When director James Cameron landed in China earlier this month for the Hainan Island International Film Festival in Sanya, it was a homecoming of sorts.

When director James Cameron landed in China earlier this month for the Hainan Island International Film Festival in Sanya, it was a homecoming of sorts.

“Avatar,” the first film in Cameron's science fiction fantasy series, and the Chinese box office essentially grew up together. In 2009, “Avatar” grossed more than $200 million of its $2.92 billion in China, at a time when the country had fewer than 5,000 movie screens and was just beginning to invest in modernizing its local film industry.

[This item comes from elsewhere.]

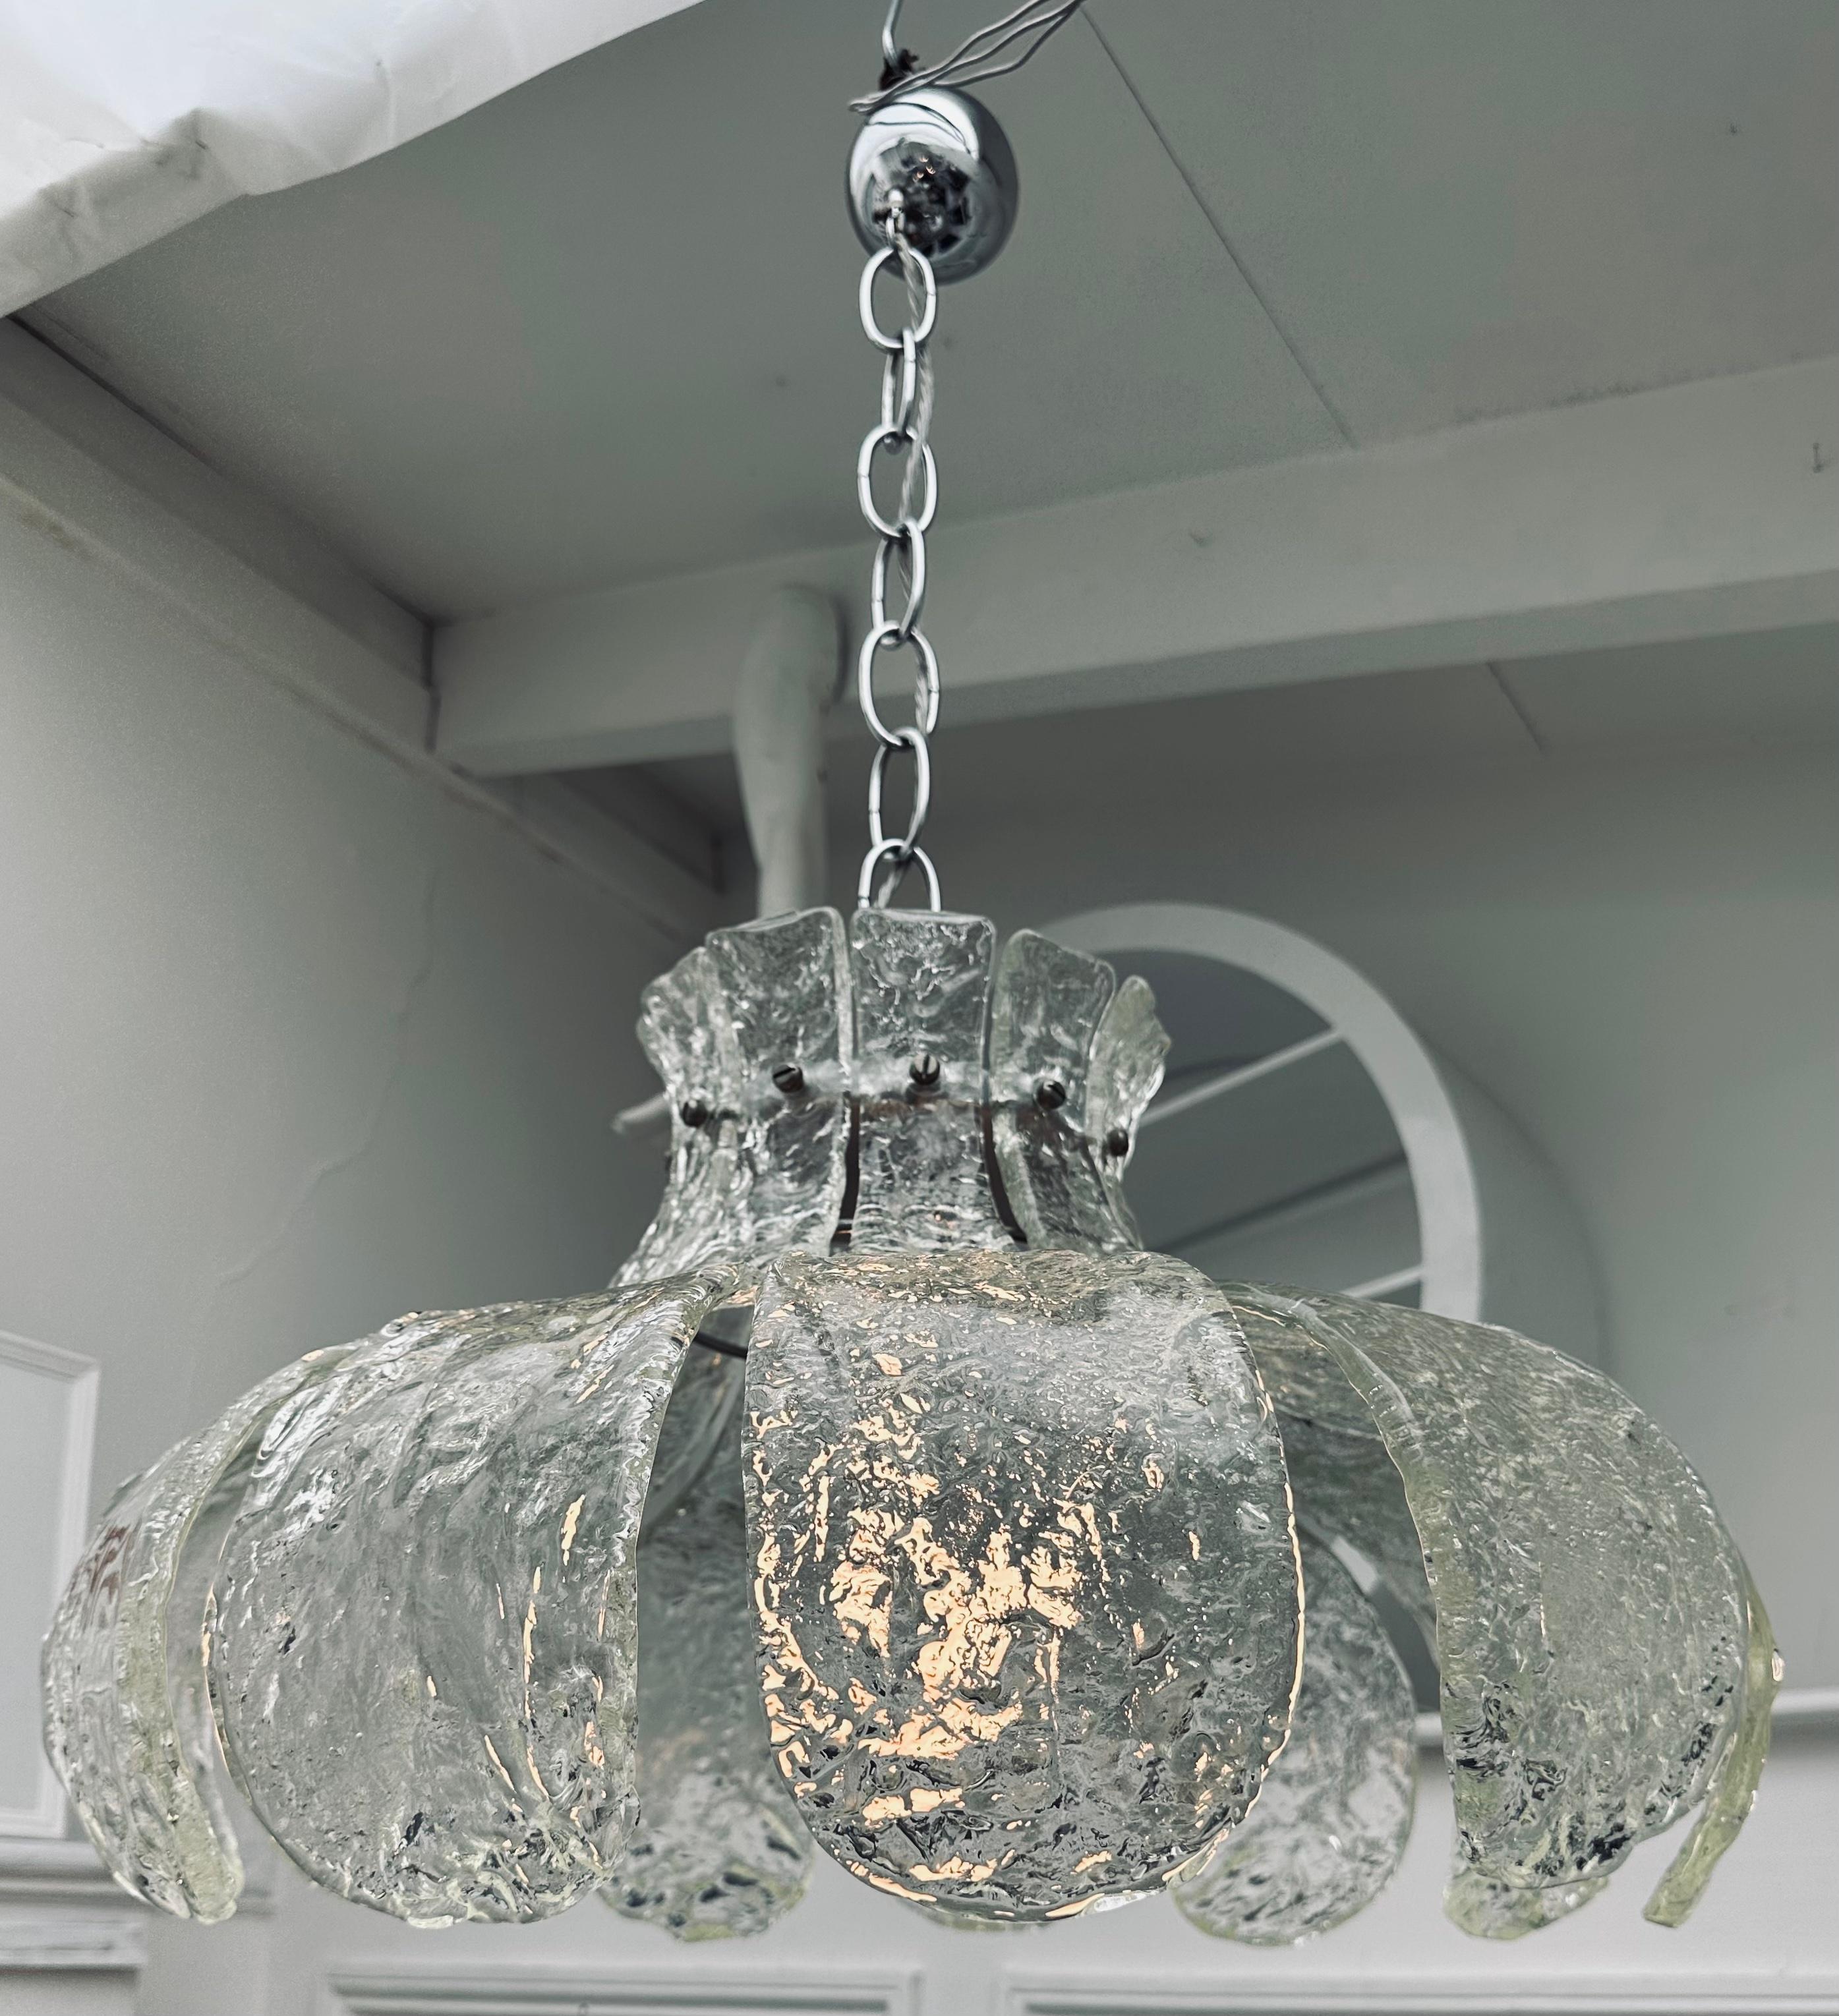 Italienische Murano-Glas-Hängeleuchte aus der Mitte des 19. Jahrhunderts mit 11 einzelnen gebogenen, strukturierten, dicken Klarglasblütenblättern, die mit einer kleinen verchromten Flachkopfschraube an einem verchromten Metallrahmen befestigt sind

Now, China has more than 80,000 movie screens, twice as many as there are in the U.S., and Chinese movie theaters are a lot less likely to be showing Hollywood films than they used to be.

“When the first ‘Avatar’ movie came out, Hollywood was the only game in town,” said Chris Fenton, a media executive and producer who authored a book on Hollywood and China called “Feeding the Dragon.” “But since then, China has gotten as good as us at telling world-class stories for their own people. And now they’ve largely shut us out of that market.”

But Disney, which enjoyed a rare recent success there with the rollout of “Zootopia 2” last month, is hoping for another box-office win in China with “Avatar: Fire and Ash,” which opened Friday. And competing Hollywood studios will be watching to see if Disney manages to entice Chinese “Avatar” fans back to theaters.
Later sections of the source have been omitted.